Assertions.assertEquals((""),airlinecompany.getCompanyName());
Assertions.assertThrows(AirlineException.class,()->airlinecompany.ourcompanyname(("")));

----->问题是我在测试这段代码时得到了50%的覆盖率。字符串（“”）表示一个空白字段，因此当您不填写名称时，会得到airlineexception。但我还想测试它是否有“flyair”这样的字符串，它不应该抛出异常。我有什么选择？

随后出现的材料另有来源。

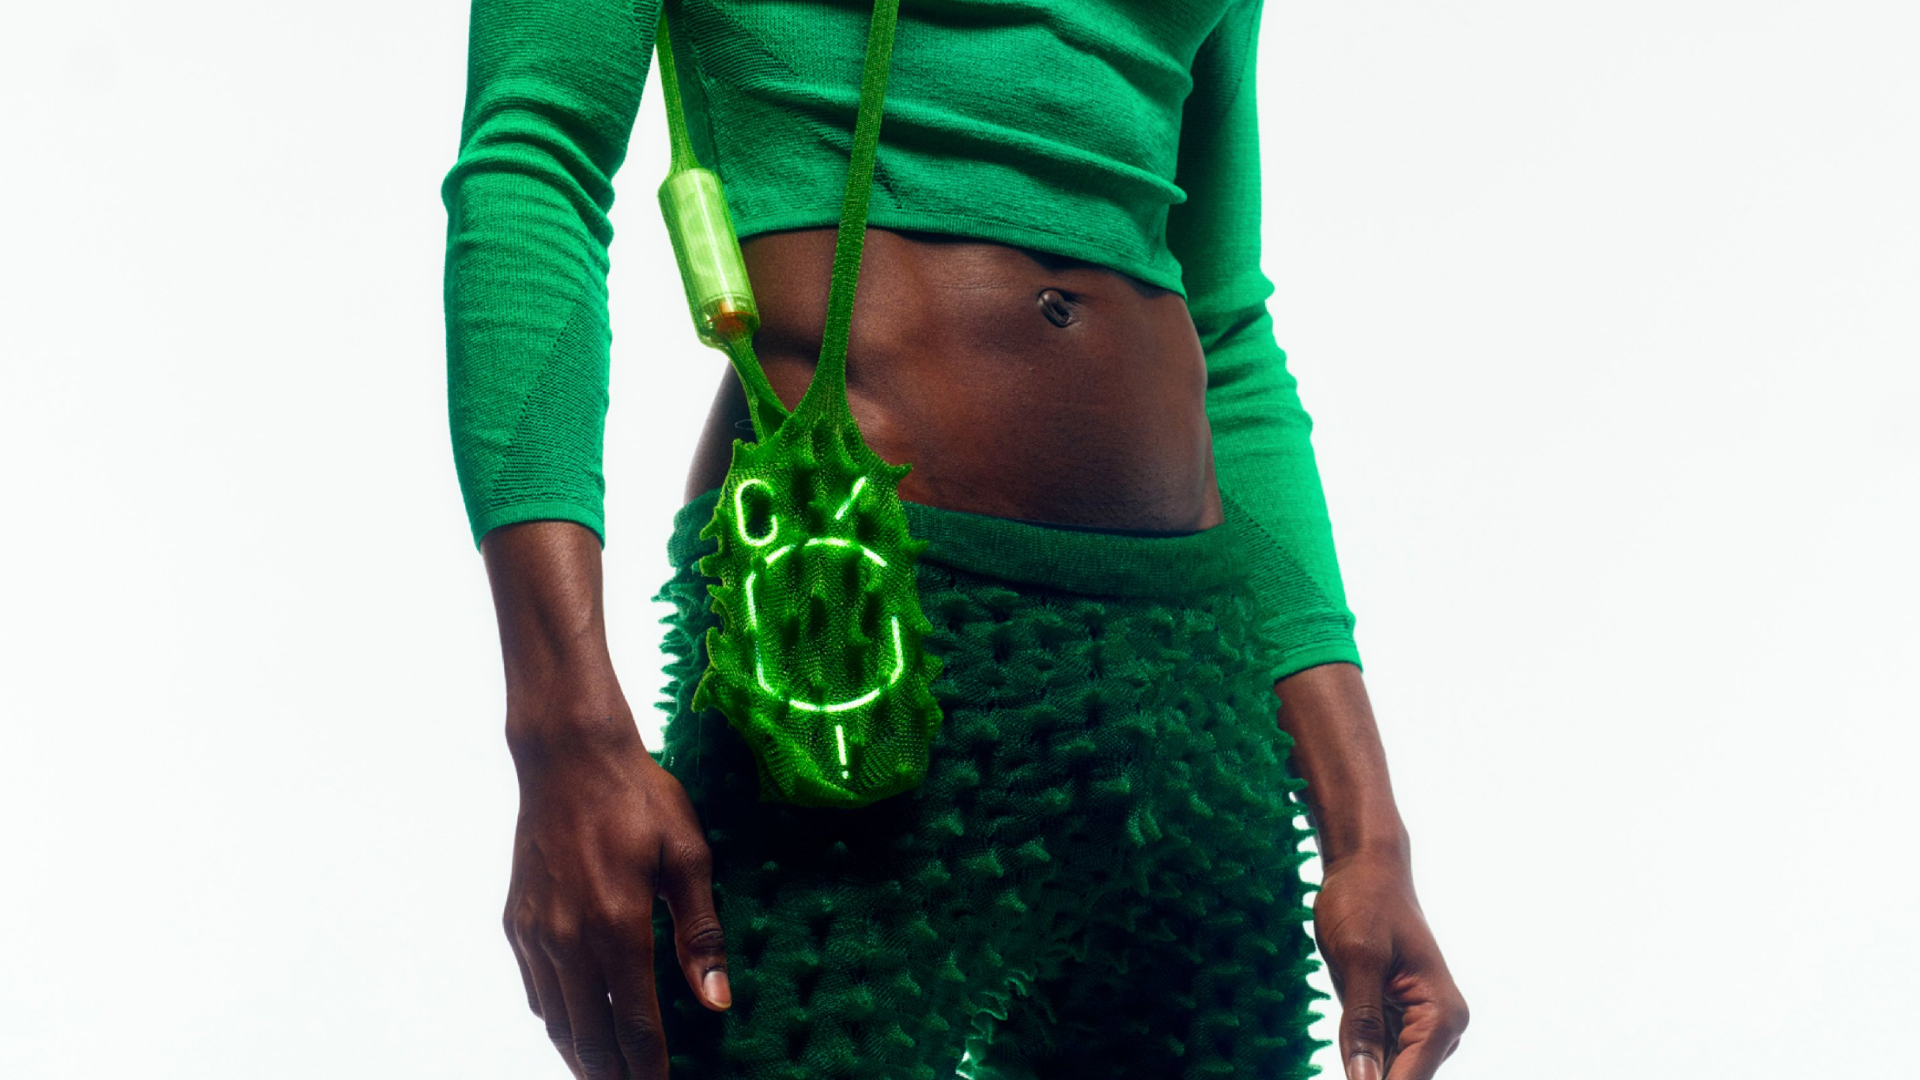 Nothing Ear (stick) carried in a green bag, slung over a model's shoulder, on a white background

对空白字段（“”）进行更好的编码，还是只对这个字段进行更改？
提前很多时间！

Java junit

来源：https://stackoverflow.com/questions/64945699/how-to-get-full-coverage-for-java-code-coverage-junit-5-eclipse-ide

1条答案

按热度按时间

monwx1rj1#

试试这样的this:---

@Test
    public void testUsernameIsNull() {
     
        Throwable exception = Assertions.assertThrows(
                AirlineException.class, () -> {
                    Airlinecompany airlinecompany = new Airlinecompany();
                    airlinecompany.setName("");
                }
        );
     
        Assertions.assertEquals("Warning. The company must have a name !", exception.getMessage());

if(true){

Airlinecompany airlinecompany = new Airlinecompany();
                    airlinecompany.setName("FLYAIR");
        Assertions.assertEquals(("FLYAIR"),airlinecompany.getCompanyName());
}
    }

希望它能解决你的问题。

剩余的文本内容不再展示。